Conventional migratory subspace learning methods typically employ a trace norm to approximate a low rank, however it is too relaxed, resulting in its solution being severely biased from the ideal solution. In addition, the conventional method ignores category information of the alignment data, so that the category performance is reduced. Therefore, the present embodiment proposes a non-convex discrimination migration subspace learning method incorporating distribution alignment information to solve these problems.
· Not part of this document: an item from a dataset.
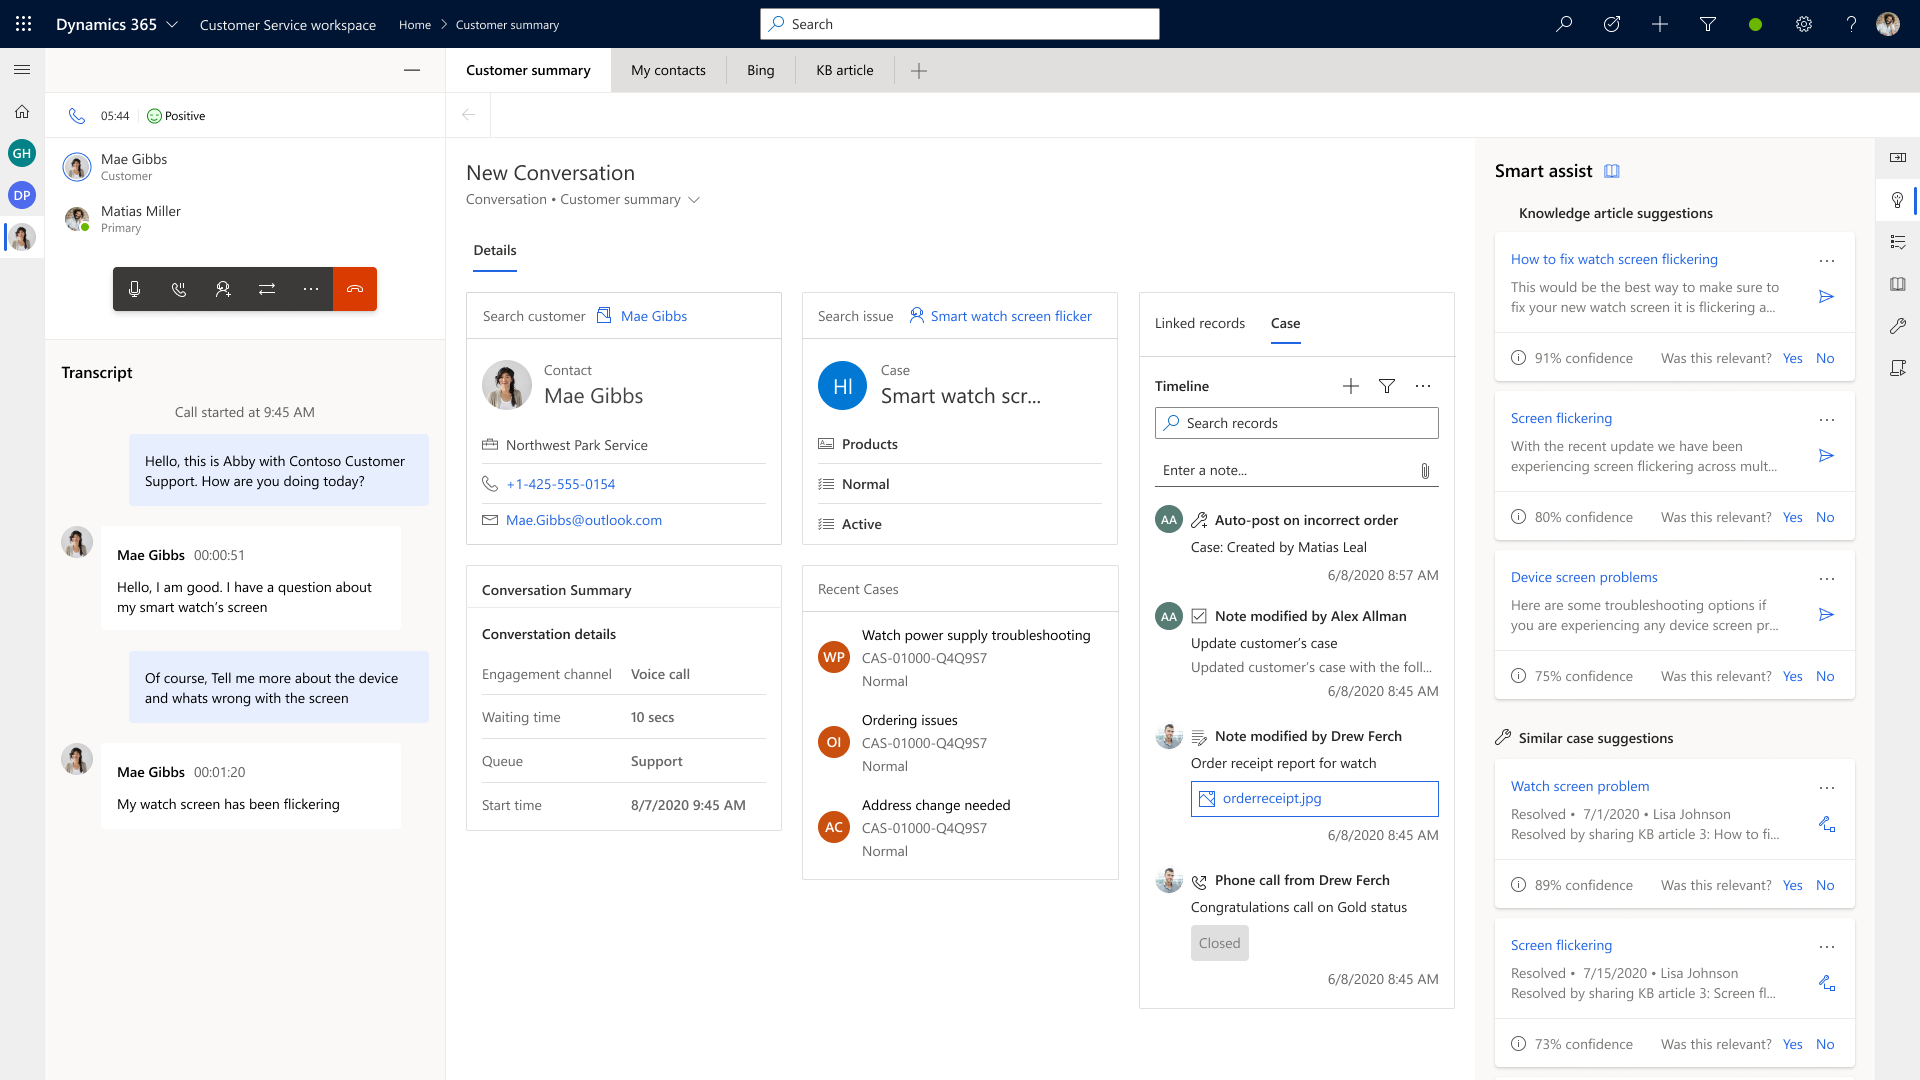 With the Dynamics 365 Customer Service, agents can view the real-time call transcript while on the call, see the customer’s details, recent and related cases, and suggested knowledge articles and similar cases that can help agents resolve customer issue more quickly

Specifically, the object of the present embodiment is to learn the projection matrix P to project the source domain and the target domain into one common subspace.

Referring to fig. 1, the embodiment discloses a non-convex discrimination migration subspace learning method integrated with distribution alignment information, which is used for image recognition and comprises the following steps:

step S1, constructing an objective function by cutting off the square of the Frobenius norm, wherein the method specifically comprises the following steps:

in step S10, since the two domain data are in the same manifold, the target domain data can be linearly represented by the source domain data, and the original formula is written as follows:

P ^T X _t ＝P ^T X _s Z+E (1)

Step S11, each target sample may be represented linearly by a combination of its source domain neighbor samples. Thus, a low rank constraint is imposed on the reconstruction matrix Z to preserve this property and preserve the global structure of the data. At the same time, the reconstruction of each target sample only needs few source domain samples to participate, and l is applied ₁ The norm promotes the sparseness of the data on Z to ensure the local structure of the data, and the obtained objective function is as follows:

where α, β, λ are regularization parameters.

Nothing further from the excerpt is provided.